Bai Shi memanggil Slude, dan mereka meninggalkan Menara yang Diubah.

Setelah menyusuri tebing Altar Cahaya Bulan, keduanya melangkah ke perairan dingin Liurnia.

Berkat mobilitasnya yang luar biasa, Slude terhindar dari kejadian yang sangat dinantikan, yaitu basah kuyup.

Slude hanya perlu melompat di antara kristal glintstone dan pepohonan untuk mengimbangi Bai Shi dan Torrent.

Di samping Menara yang Diubah ini terdapat Pohon Erdtree Kecil, yang dijaga oleh Avatar Pohon Erdtree.

Dan di lereng di depan sana terdapat penjara abadi Adan, Pencuri Api.

Bai Shi menambahkan keduanya ke dalam daftar tugasnya.

Bai Shi masih berencana untuk mengumpulkan beberapa Air Mata Kristal yang digunakan untuk mencampur Ramuan Ajaib.

Dia tahu persis air mata apa yang diteteskan oleh Avatar Erdtree di dekat Menara yang Diubah.

Item itu menjatuhkan Cerulean Crystal Tear dan Ruptured Crystal Tear.

Lagipula, dia sudah sangat familiar dengan mereka karena pernah berperan sebagai bom manusia dalam PvP di dalam game tersebut.

Bai Shi tidak berniat untuk menjadi bom bunuh diri lagi; dia tidak ingin dirinya terkena tembakan kritis di bagian vital.

Air mata dari Avatar Erdtree di Semenanjung Menangis lebih berharga untuk diperoleh.

Item ini memiliki Opaline Bubbletear, yang mengurangi kerusakan, dan Crimsonspill Crystal Tear, yang secara perlahan memulihkan kesehatan.
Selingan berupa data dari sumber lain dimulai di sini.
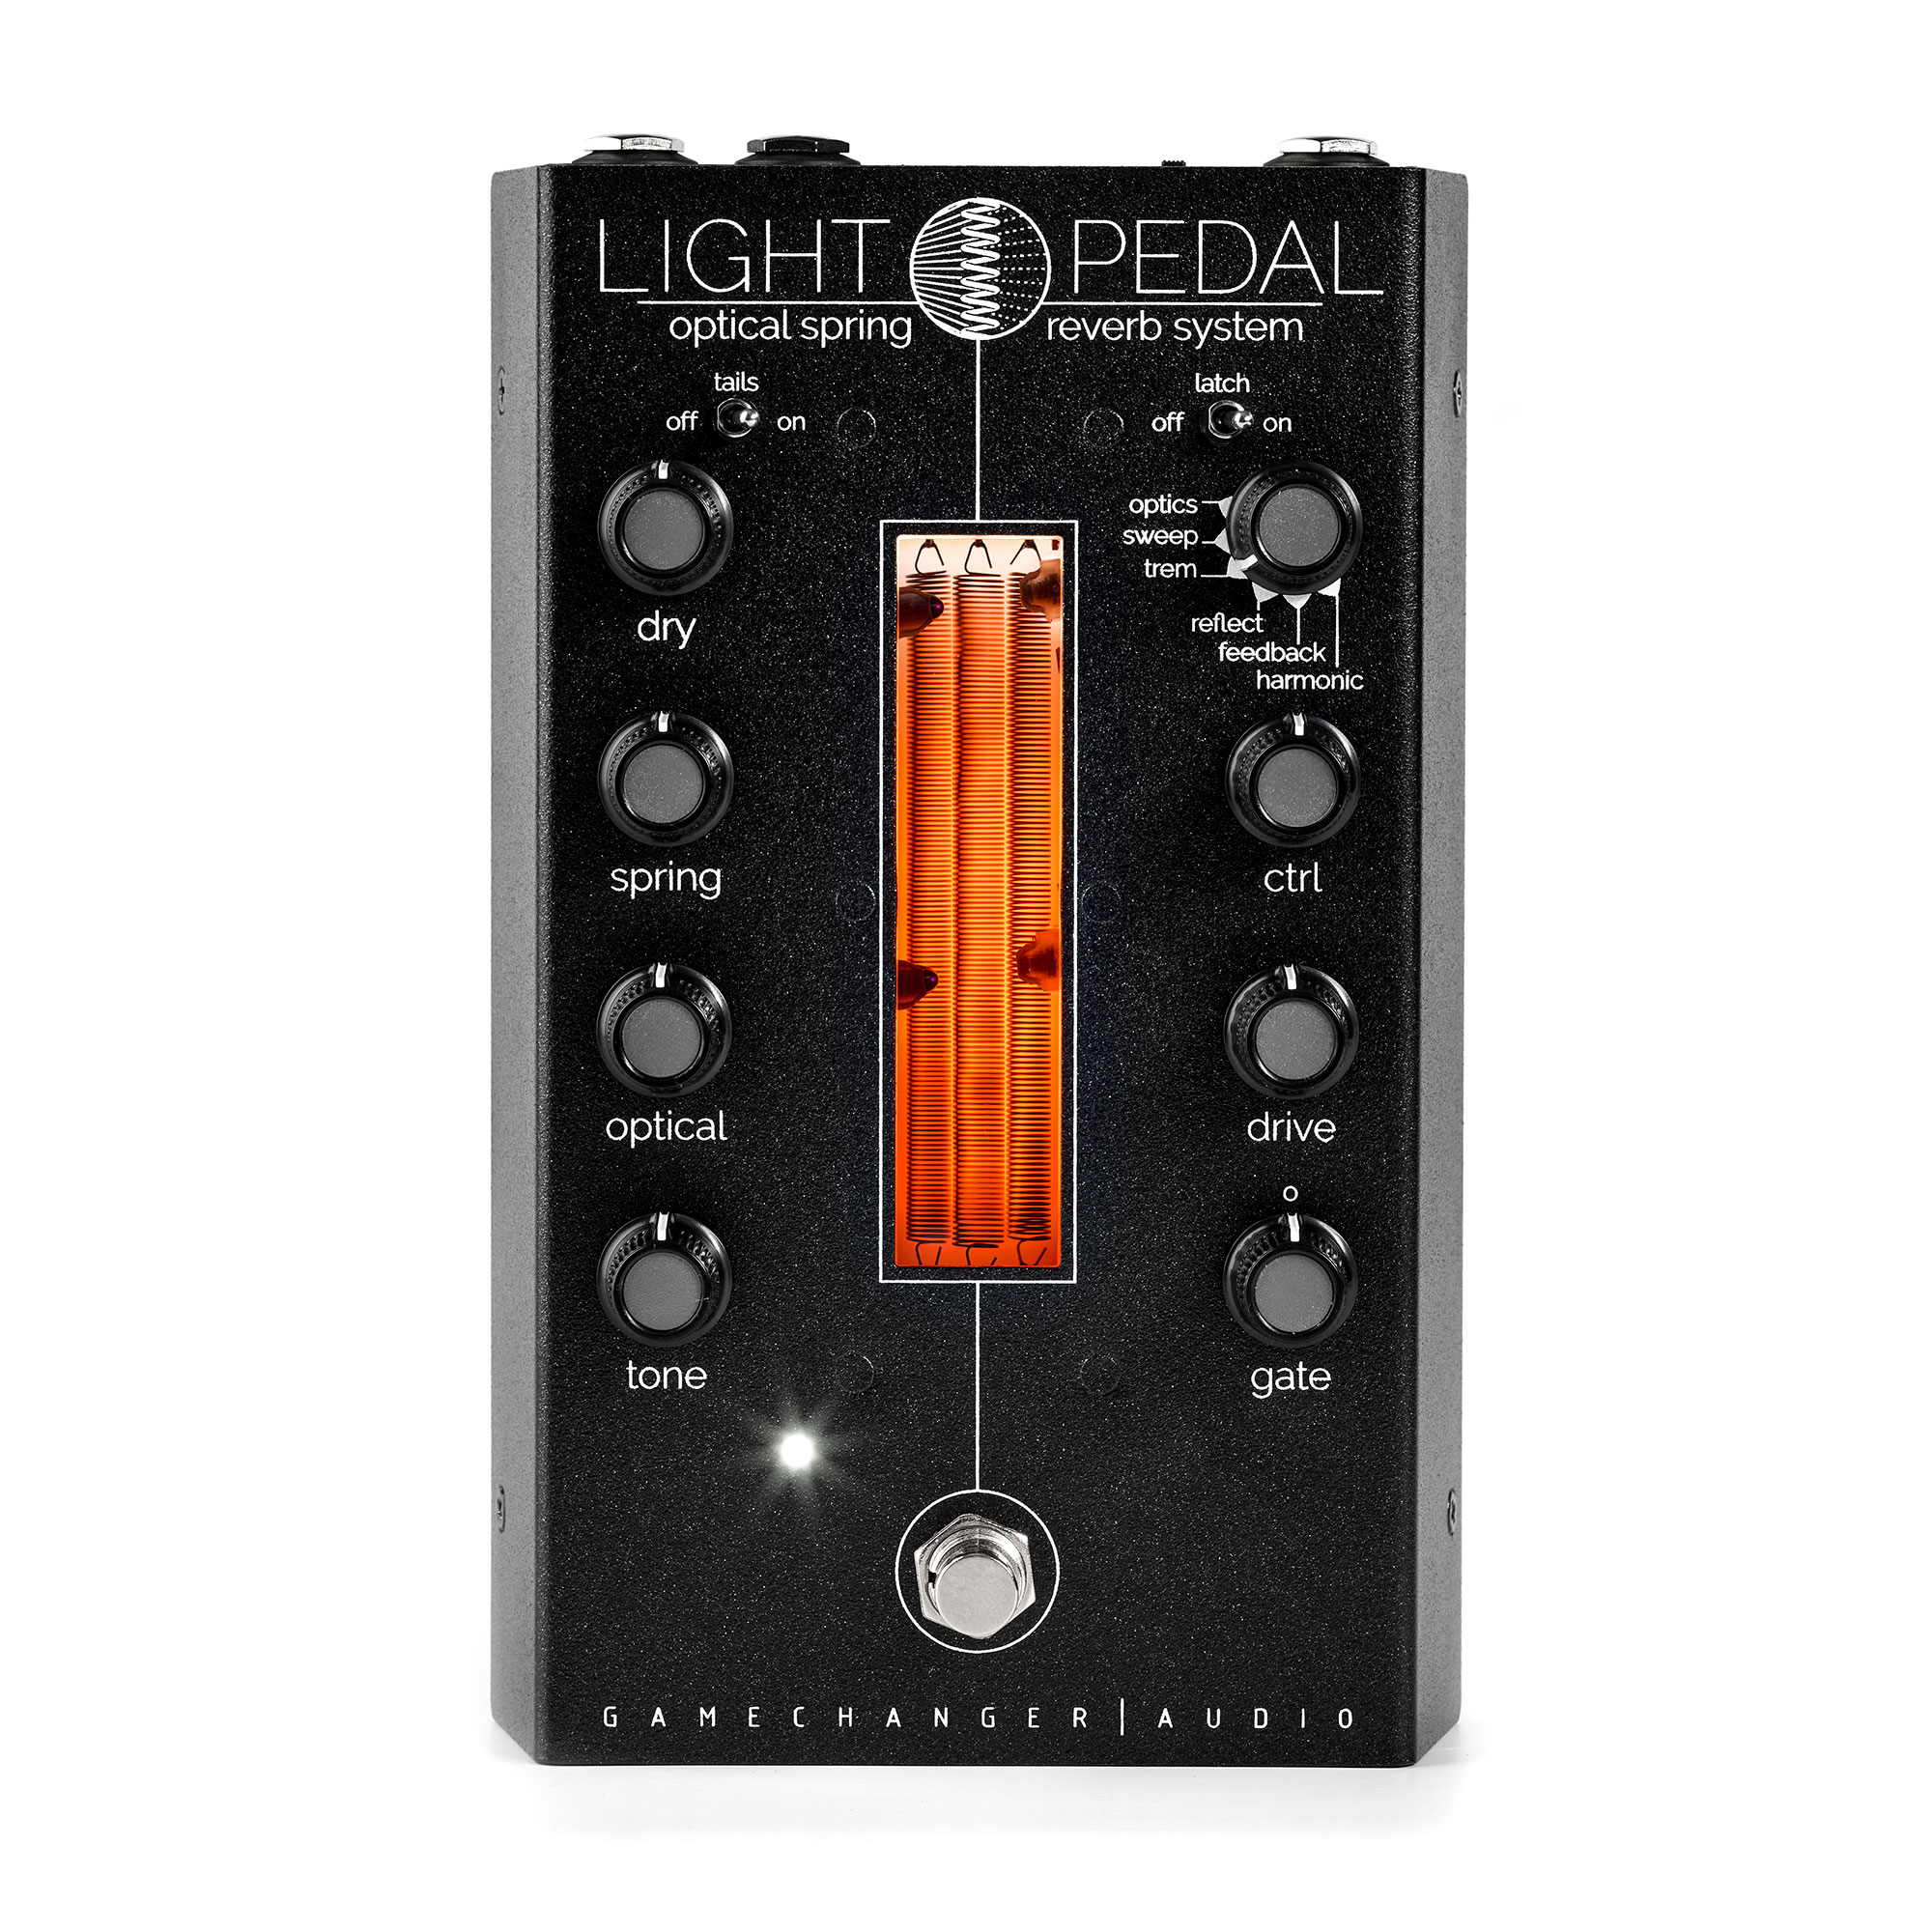 ギターGamechanger Audio  LIGHT PEDAL リバーブペダル

Saat ini, Bai Shi hanya memiliki Crimson Crystal Tear, Thorny Cracked Tear, dan Greenspill Crystal Tear.

Mereka semua telah dijemput ketika dia mengirim orang-orang dari Mistwood ke daerah bawah tanah.

Hanya saja Bai Shi belum menggunakannya.

Dia akan meminta Melina untuk membantu mencampurnya ketika saatnya tiba.

Adapun Adan, Pencuri Api, Bai Shi berencana untuk membebaskannya ketika dia memiliki waktu luang.

Dia ingin melihat apakah Adan mengetahui jalan menuju Puncak Gunung Para Raksasa.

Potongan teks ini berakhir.